**Data provided**

□ □ □ □ □

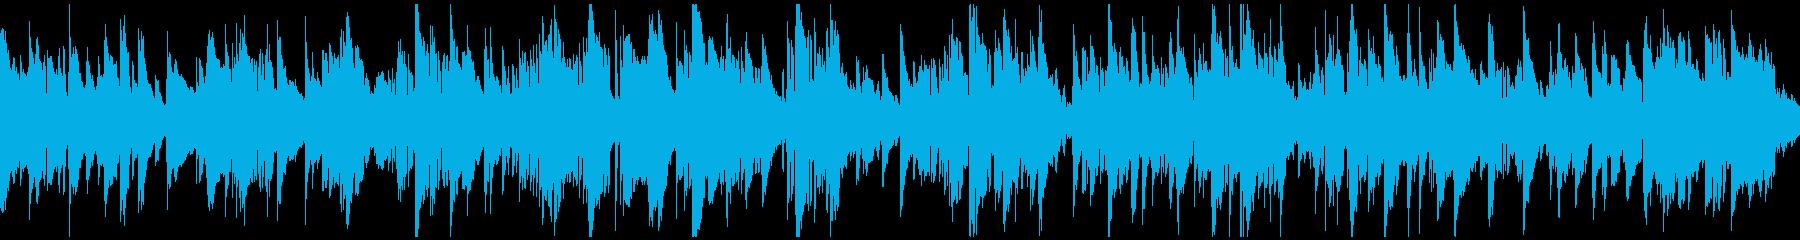 哀愁、悲しみのジャズバラード ※ループ版の再生済みの波形
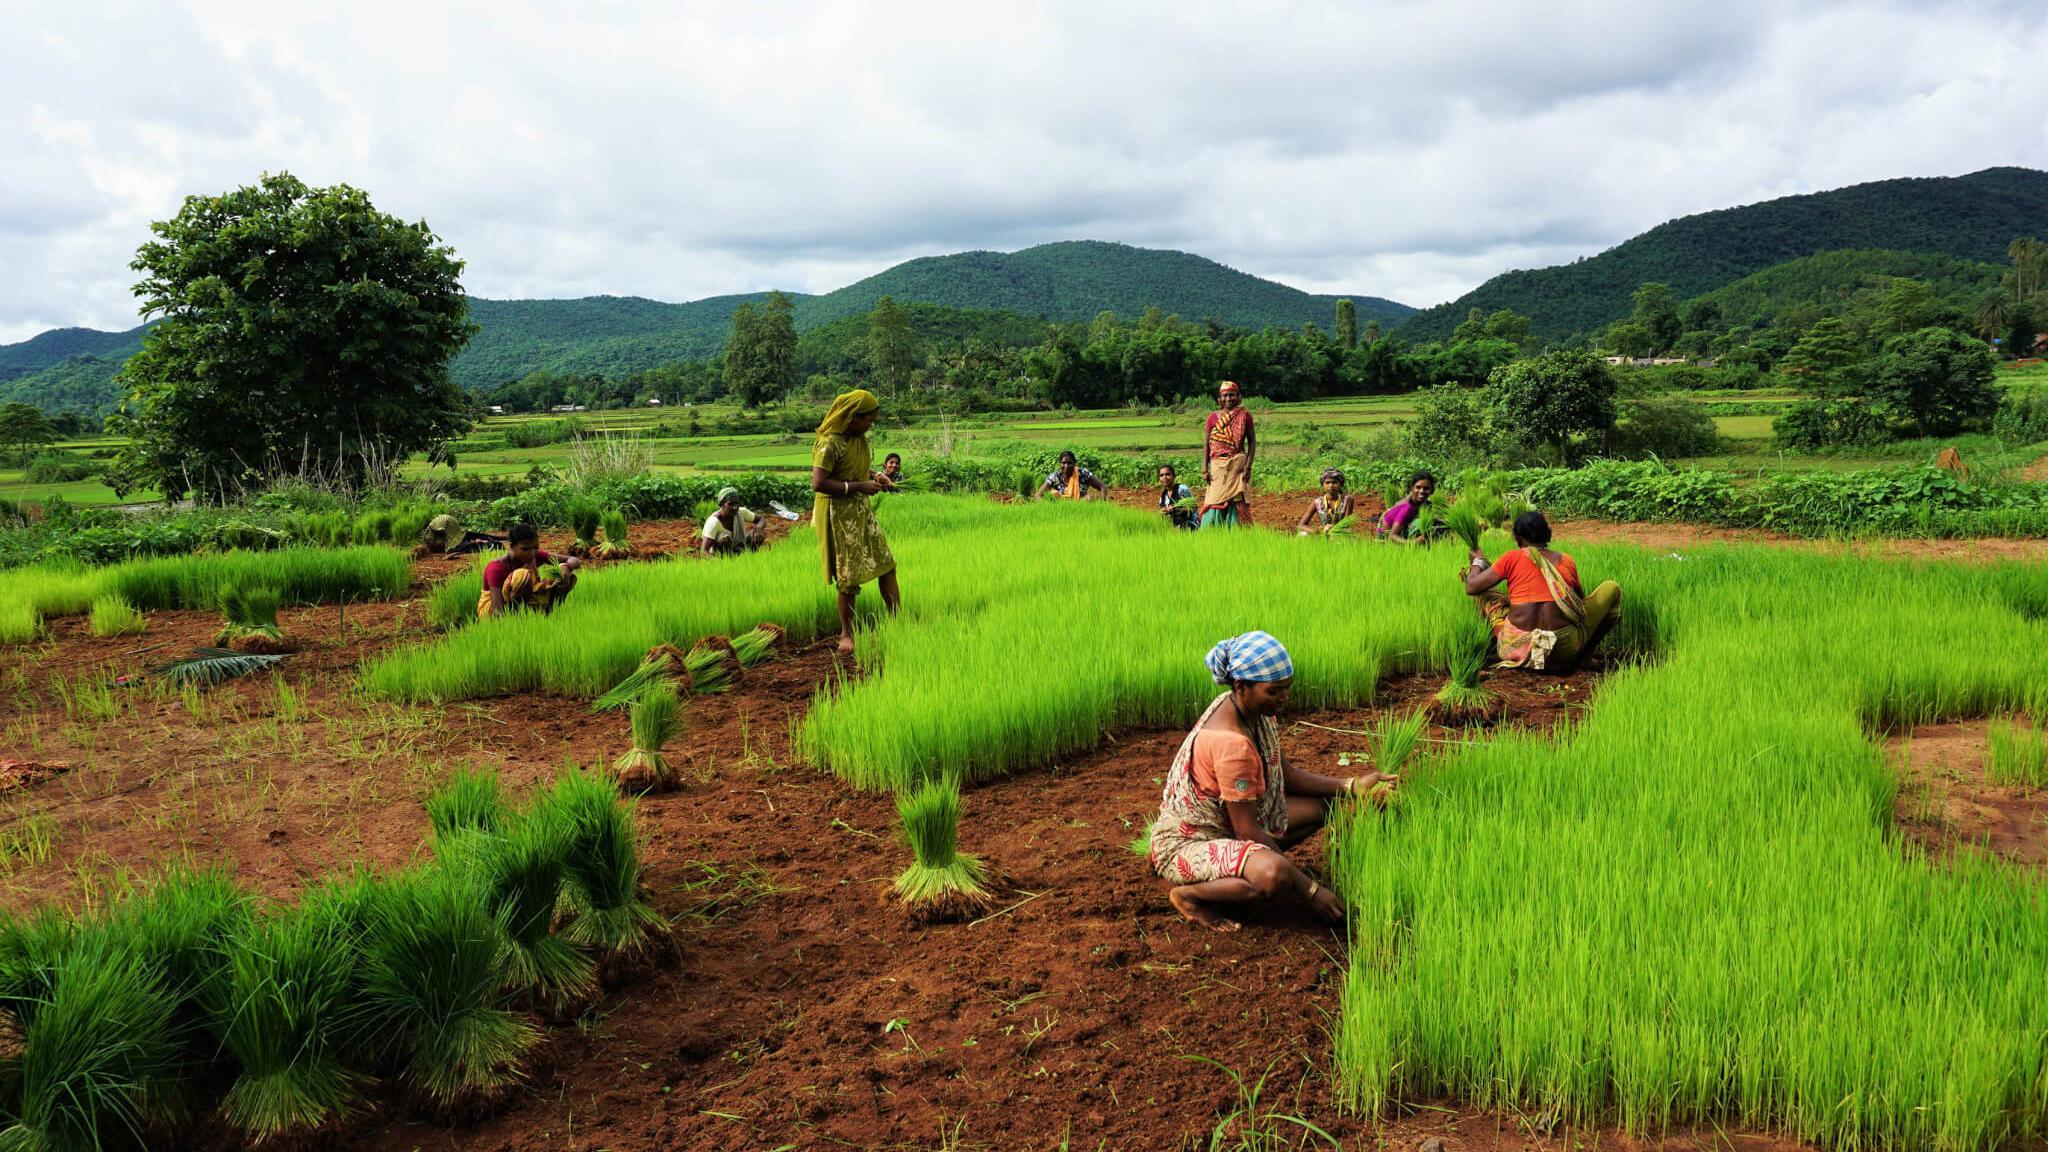 Половой диморфизм у наших предков развился не вследствие перехода к земледелию
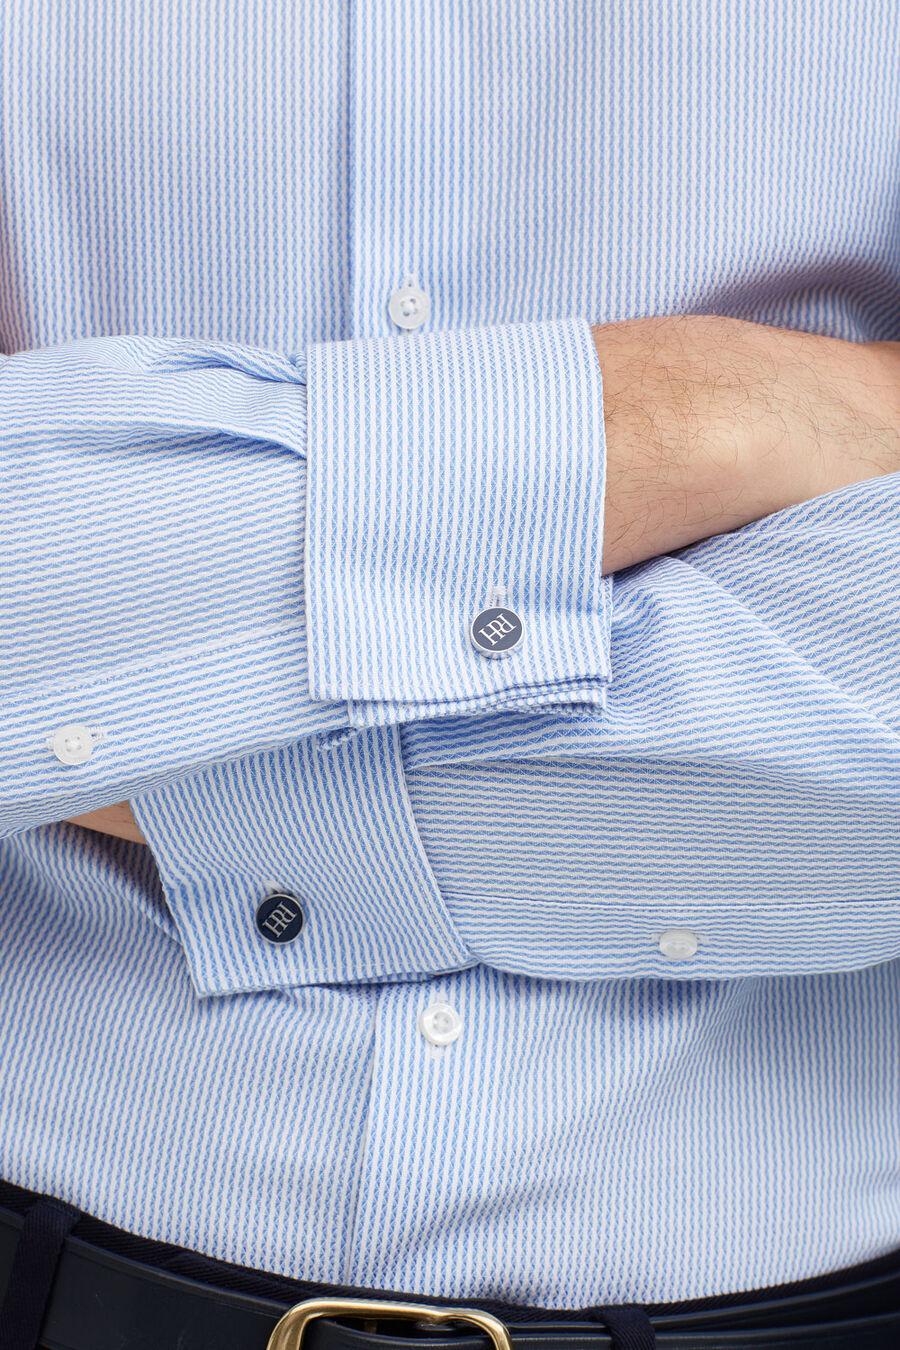 Non-iron formal shirt

□ □ □ □ □

**What to do**
Every line above should be reproduced exactly, please, with no pictures included.

**Written response**
 哀愁、悲しみのジャズバラード ※ループ版の再生済みの波形
 Половой диморфизм у наших предков развился не вследствие перехода к земледелию
 Non-iron formal shirt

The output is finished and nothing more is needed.